In embodiments according to the disclosure, two approaches may be used to handle this mean-variance relationship: (a) transformation of the response; and (b) modeling the mean-variance relationship. In many cases, a transformation of the response variable can be used to decouple the variance of the data from the mean. Transformations suitable for use with methods according to the disclosure include the natural log and the square root; however, other transformations may be used. An example of a random effects model using a natural log transformation is represented by Equation 3:
ln(MCijk)=μ+ai+bijijk  Equation 3

In Equation 3, the term In refers to the natural logarithm. All of the other terms are as defined as described with respect to Equations 1 and 2, except that the terms are defined on the natural log scale. In some embodiments, the mean-variance relationship may be explicitly modeled. A general class of statistical models that allow for structured mean-variance relationships include, for example, generalized linear mixed models.

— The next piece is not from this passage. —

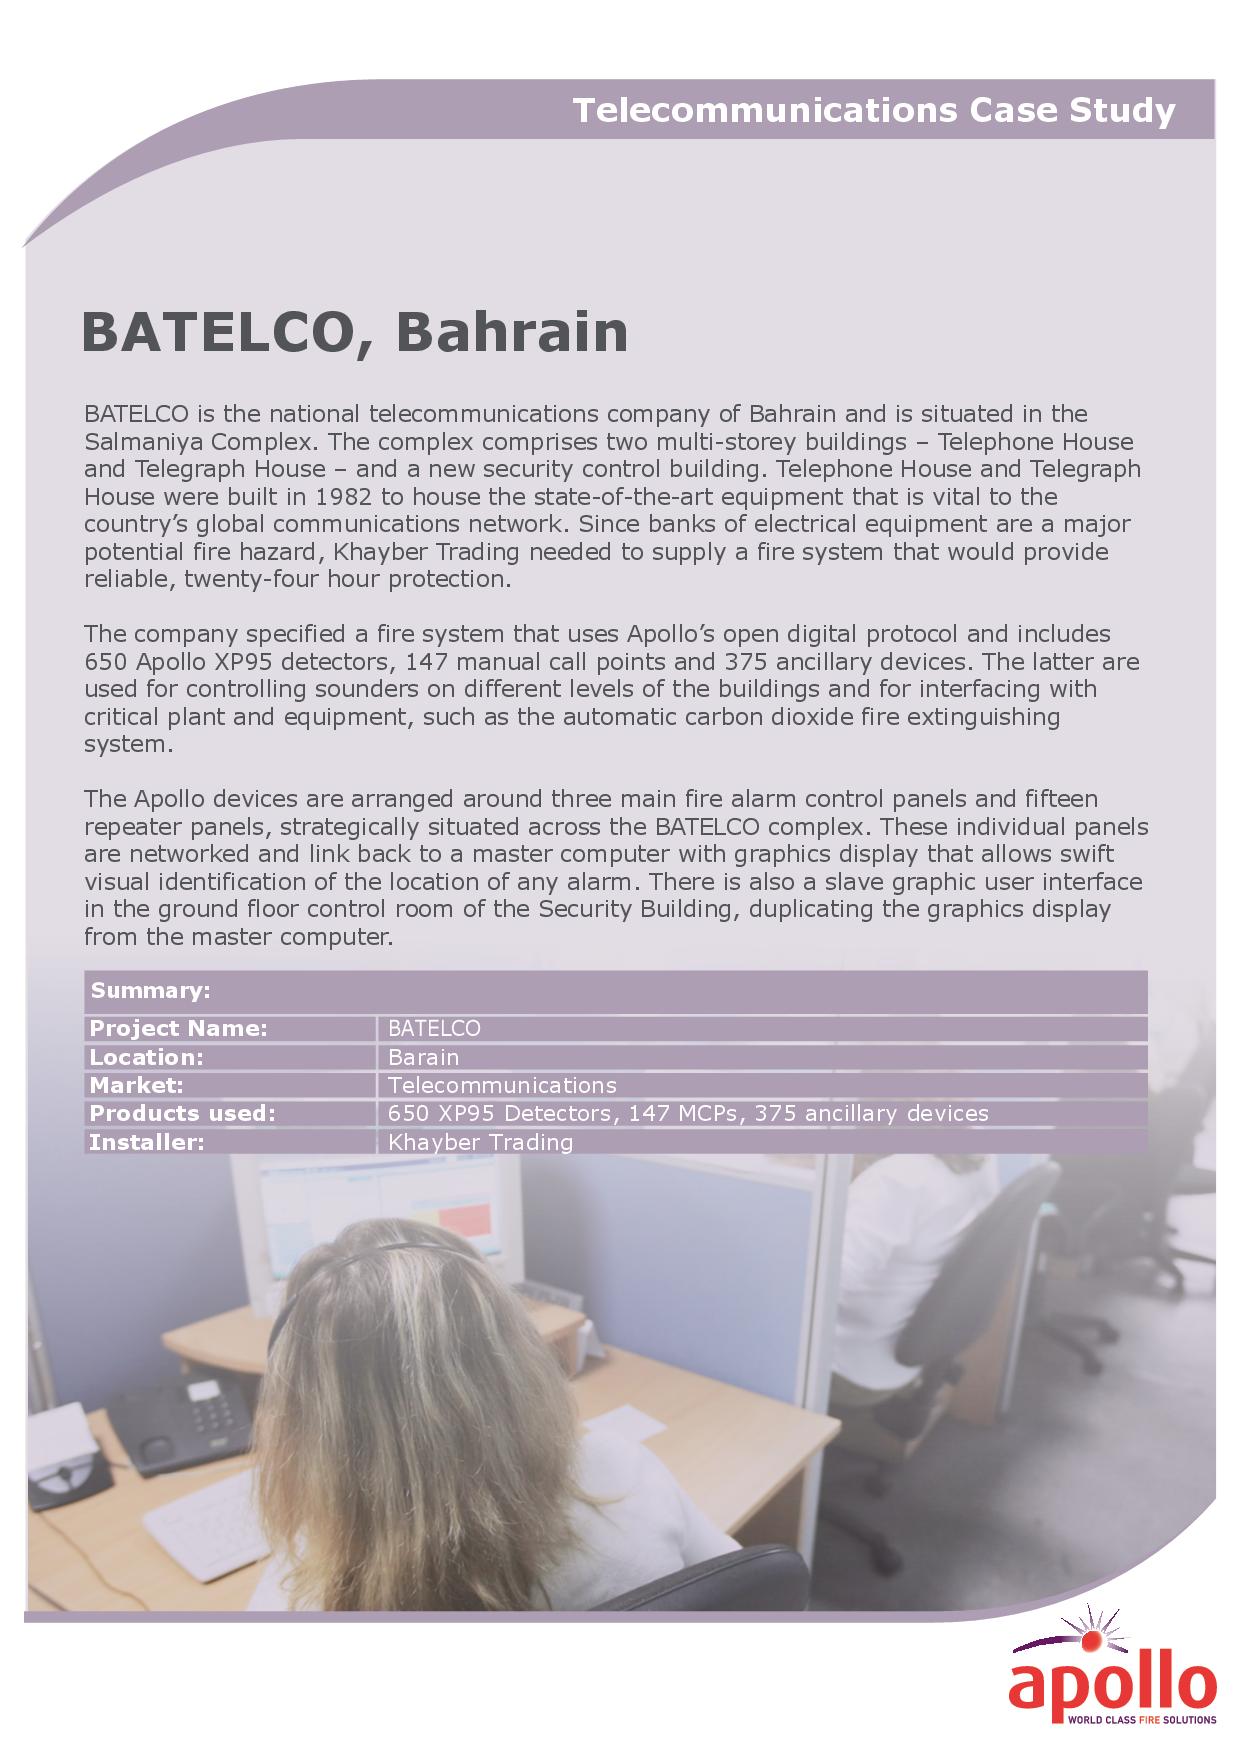 BATELCO, Bahrain

FIG. 8 is a chart summarizing the quantification of contributions to overall variability from each of the sources. Referring back to FIG. 3, methods according to the disclosure further include step 310, identifying one or more opportunities to impact the overall variability. Each opportunity is associated with one or more executable steps for impacting variability. Each opportunity may be related to value or to grade recovery in general. For example, in a kiln application, executable steps may include actions such as altering charge time for a kiln, altering airflow in a kiln, sorting wood products before drying, altering how wood products are stacked, adjusting temperature, repairing a malfunctioning component, changing fan configuration, or other steps which may affect overall variability or value of the wood products. Similar executable steps may be applied in situations which involve drying processes and drying devices other than kilns. For example other drying devices may include veneer dryers or rotary-drum dryers. Other drying processes may include air drying or shed drying. A person of ordinary skill in the art will appreciate that executable steps not explicitly listed herein are contemplated to be within the scope of the disclosure.

Methods according to embodiments of the disclosure may further include step 312, prioritizing the one or more executable steps. Examples of methods for prioritization are described, for example, in U.S. patent application Ser. No. 12/913,198, the contents of which are incorporated herein by reference. An output of prioritized steps may optionally be displayed on a computer screen or other suitable display mechanism. As depicted in step 314, the wood product manufacturing company may choose to optionally execute one or more of the steps. Accordingly, quantifying contributions to overall variability may enable effort and resources toward variability reduction to be directed in the most effective manner.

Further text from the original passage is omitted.